*Task item*
Only the lines from the one containing "Britain's Prince William" through the end of the data below are to be repeated, exactly as given, without pictures.

*Recorded data*
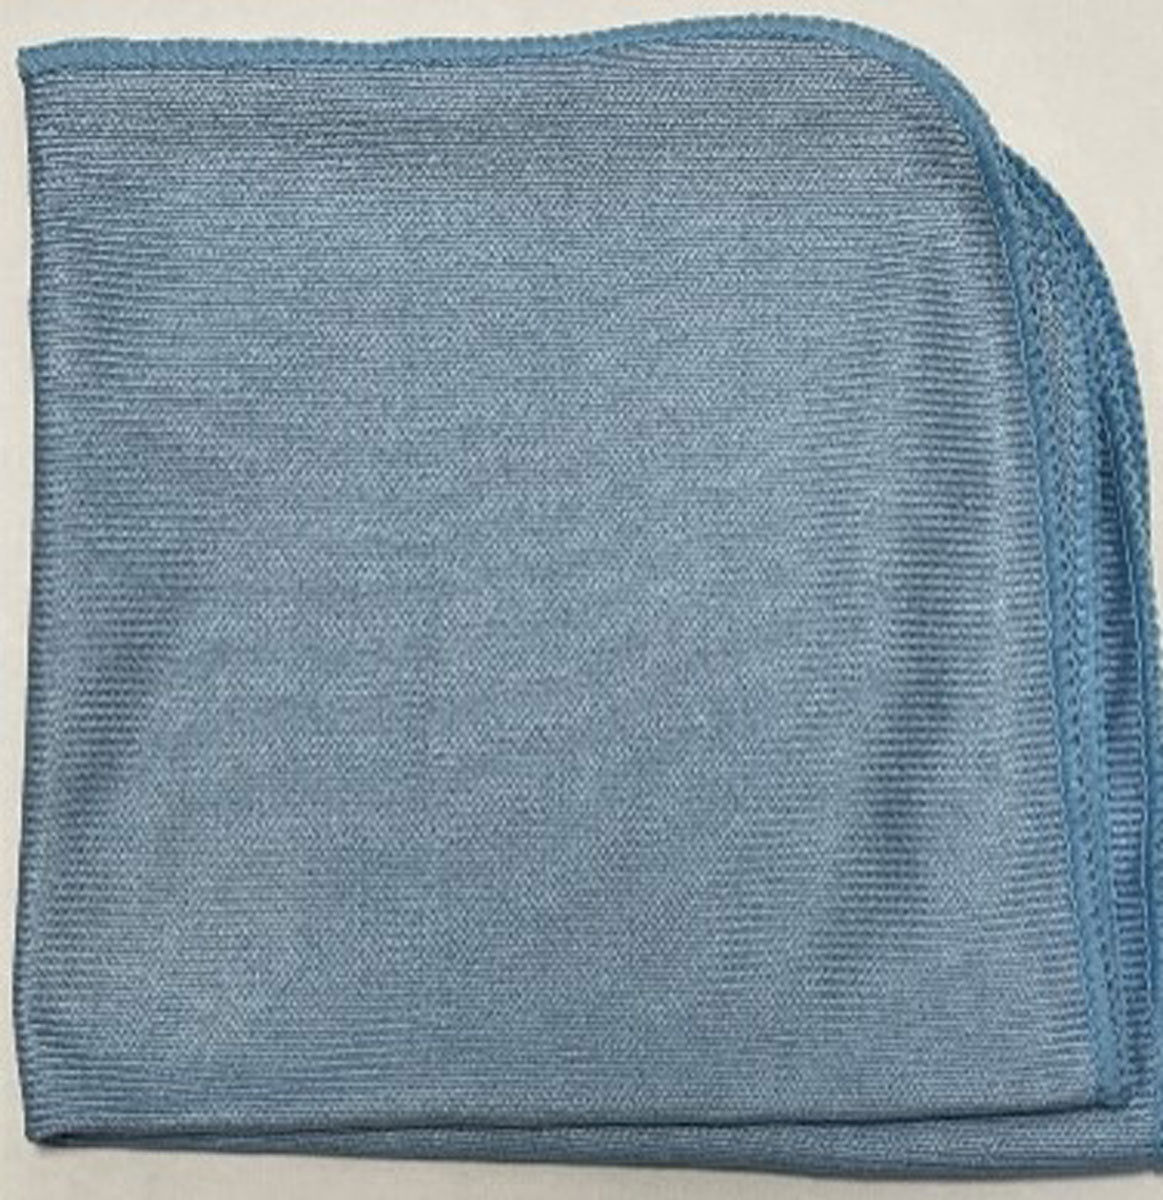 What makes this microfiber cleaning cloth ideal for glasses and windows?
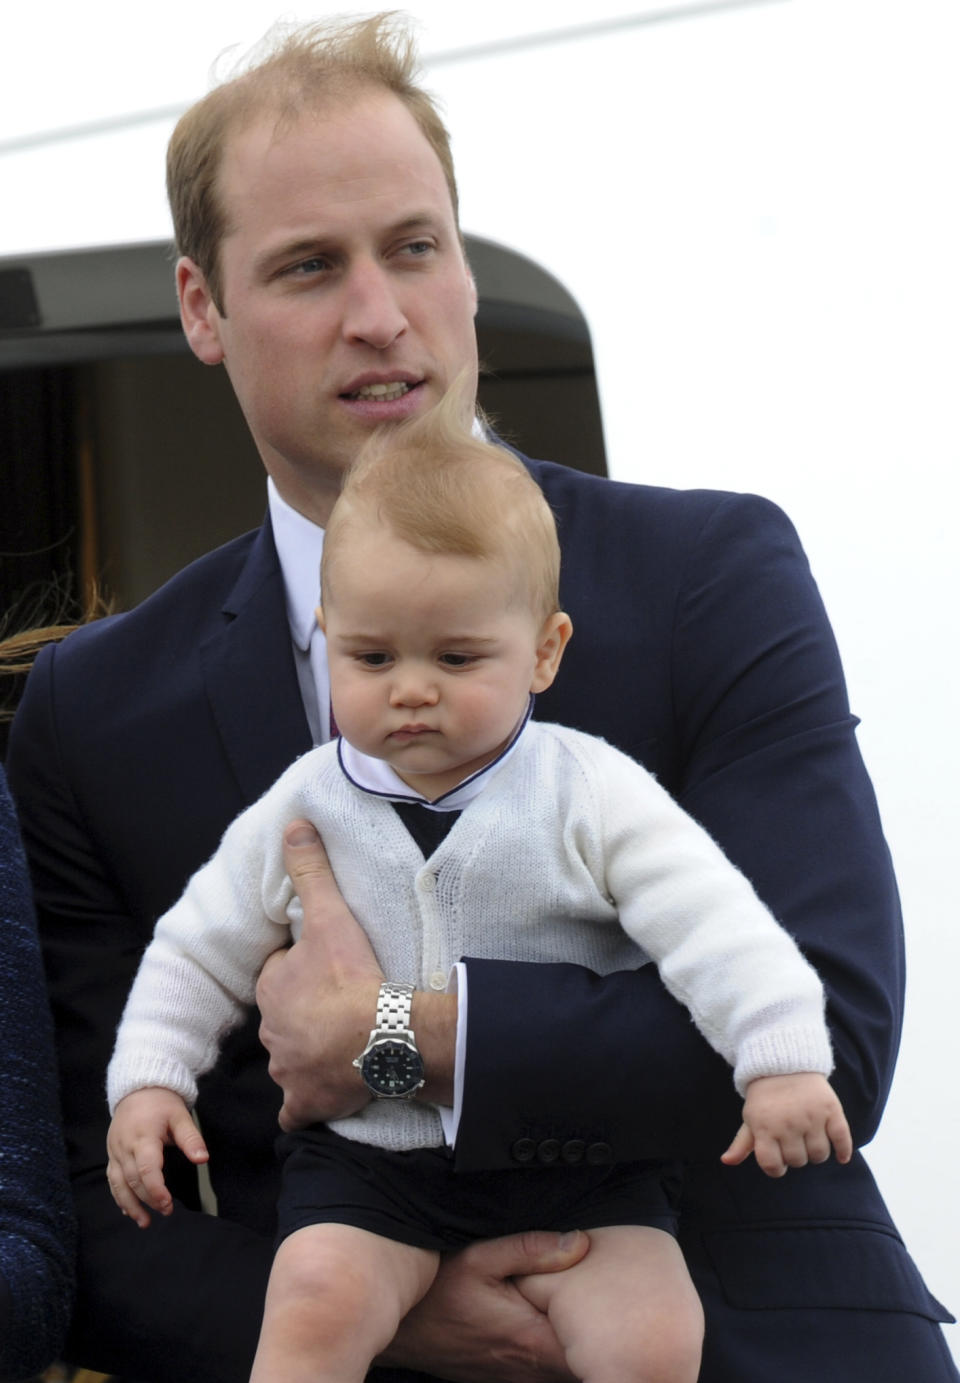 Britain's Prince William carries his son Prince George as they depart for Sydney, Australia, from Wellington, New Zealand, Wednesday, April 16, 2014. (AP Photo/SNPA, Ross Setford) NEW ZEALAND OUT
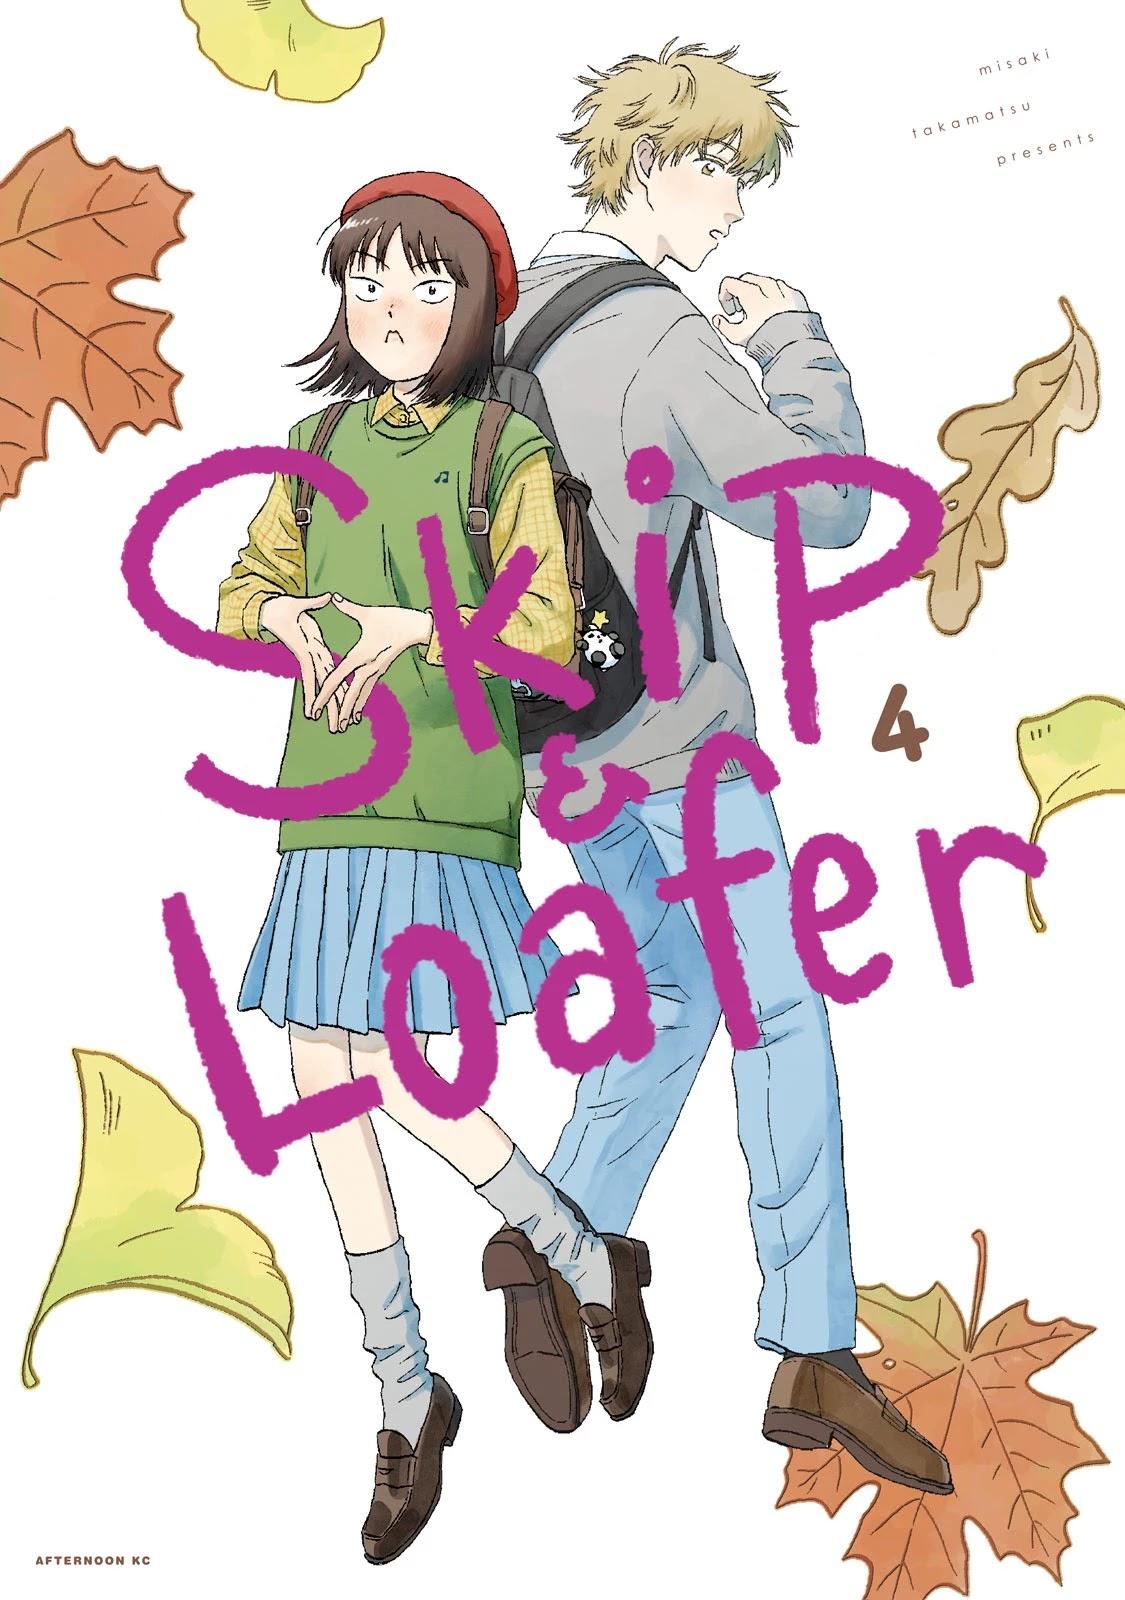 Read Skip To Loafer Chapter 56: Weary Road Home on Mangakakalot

*Answer to the problem*
 Britain's Prince William carries his son Prince George as they depart for Sydney, Australia, from Wellington, New Zealand, Wednesday, April 16, 2014. (AP Photo/SNPA, Ross Setford) NEW ZEALAND OUT
 Read Skip To Loafer Chapter 56: Weary Road Home on Mangakakalot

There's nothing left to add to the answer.